* _Given entries_
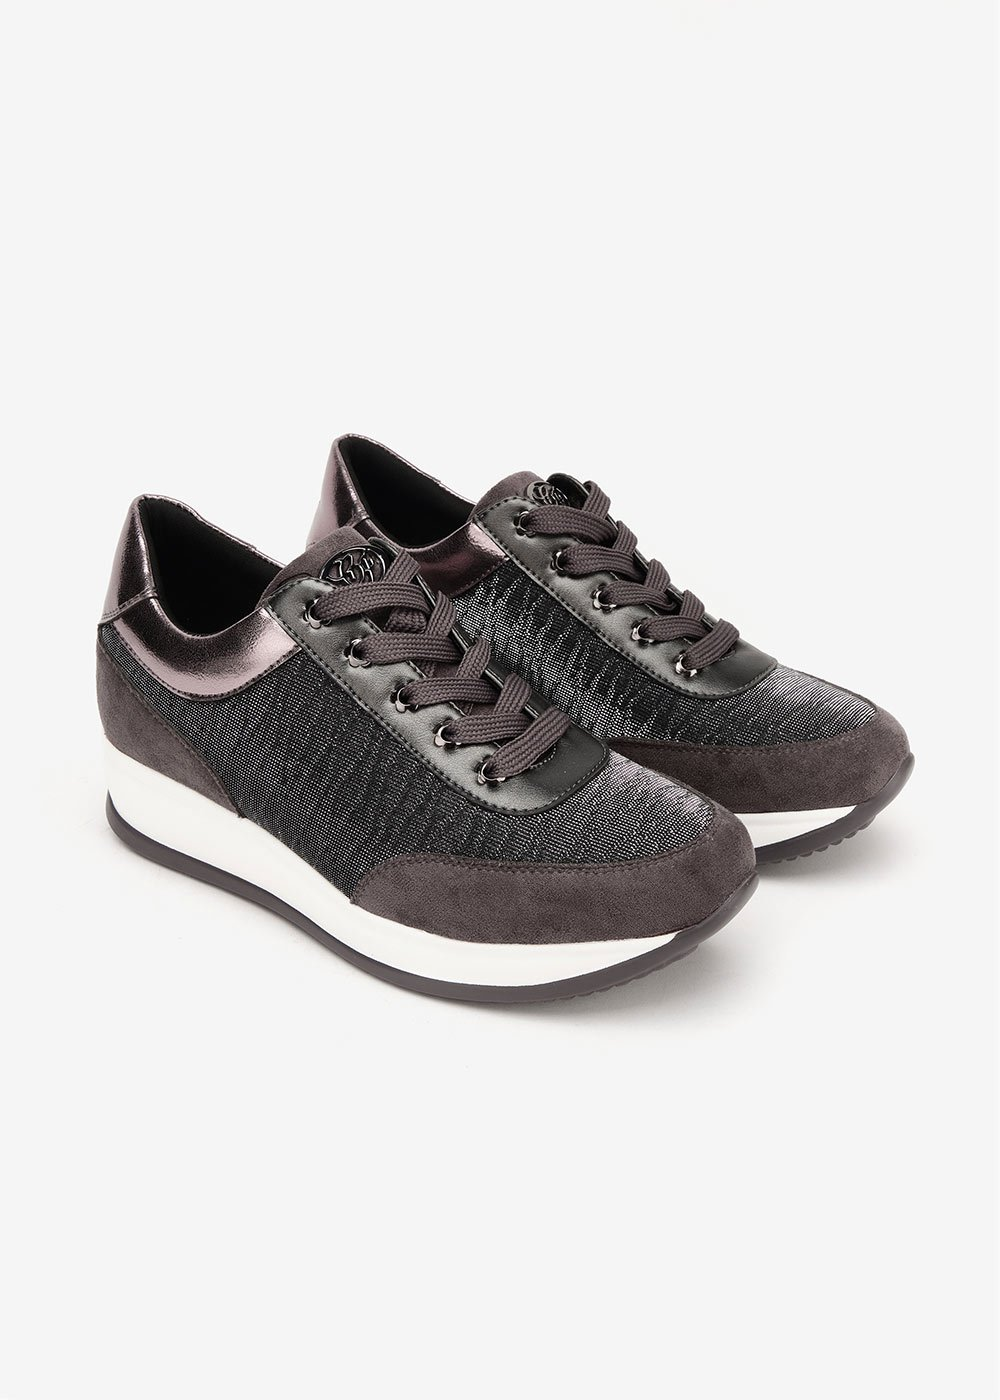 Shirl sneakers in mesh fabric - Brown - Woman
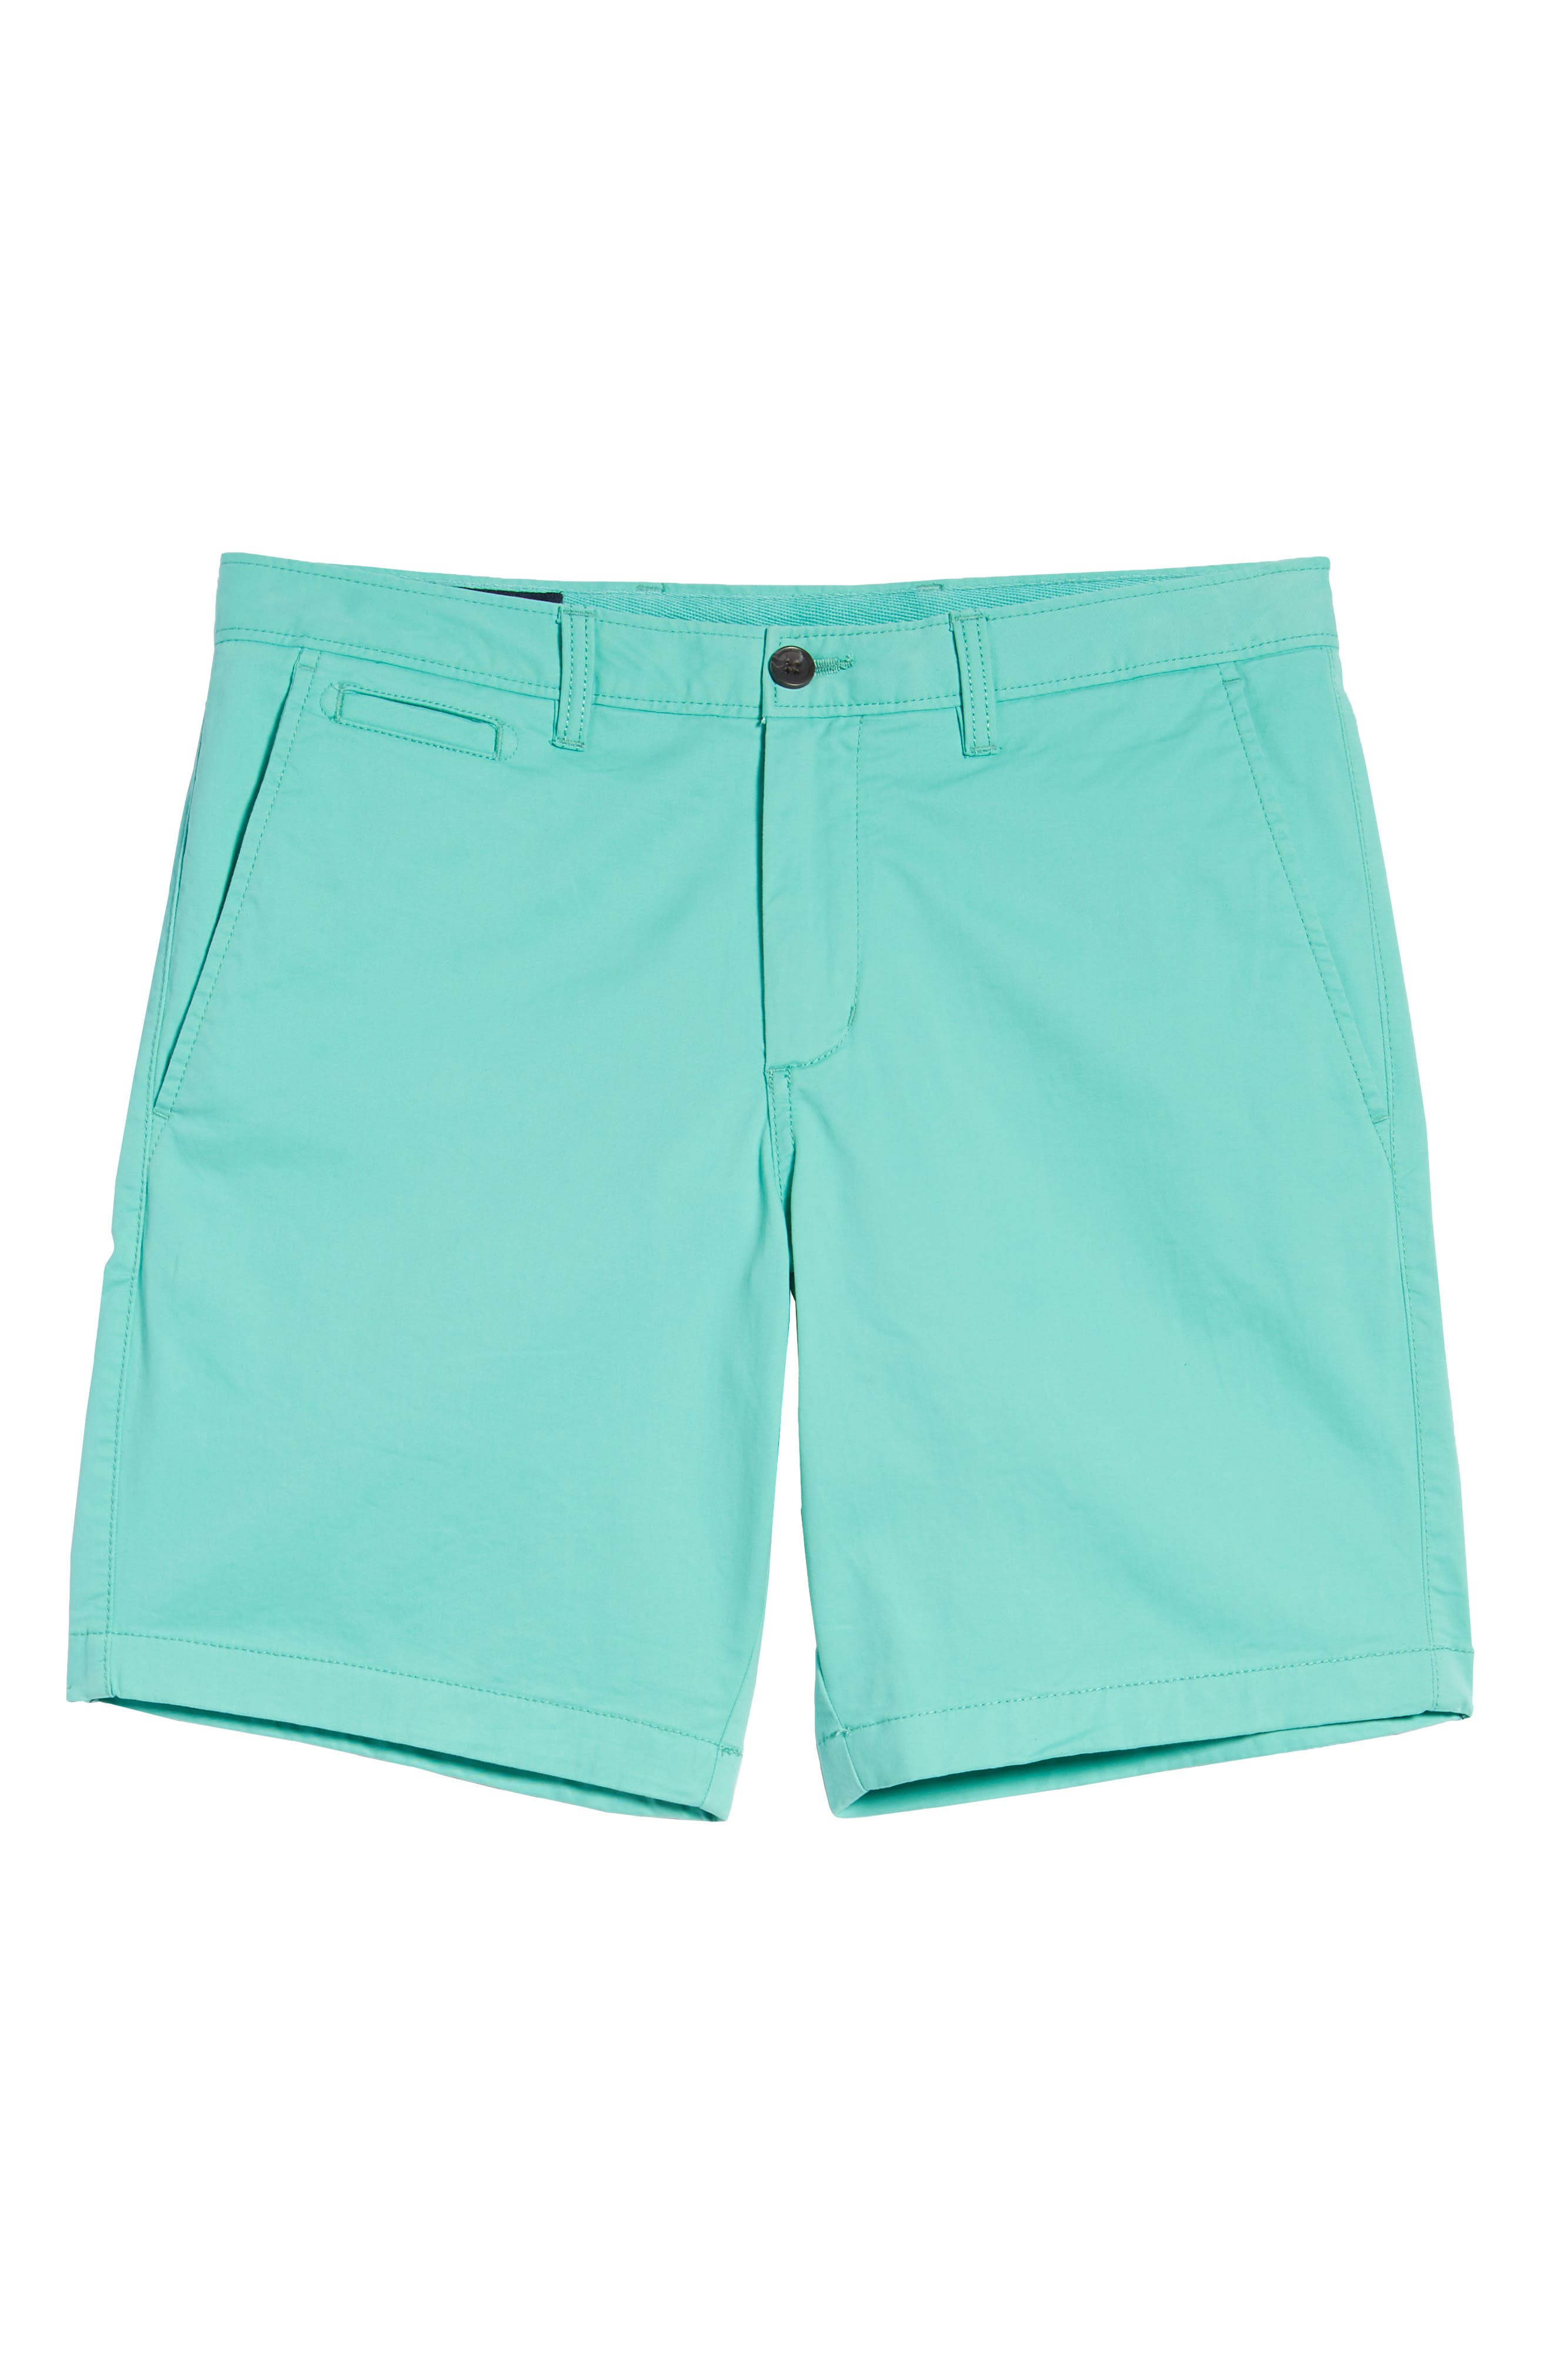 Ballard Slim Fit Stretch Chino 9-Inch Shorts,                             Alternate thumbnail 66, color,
* * *
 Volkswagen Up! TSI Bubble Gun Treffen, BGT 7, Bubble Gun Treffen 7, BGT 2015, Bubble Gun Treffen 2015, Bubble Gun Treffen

* _Problem description_
Write out, word for word, the stretch of entries that begins at the line with "Shirl sneakers in" and ends at the line with "Ballard Slim Fit". Pictures do not belong in it.

* _Answer space_
 Shirl sneakers in mesh fabric - Brown - Woman
 Ballard Slim Fit Stretch Chino 9-Inch Shorts,                             Alternate thumbnail 66, color,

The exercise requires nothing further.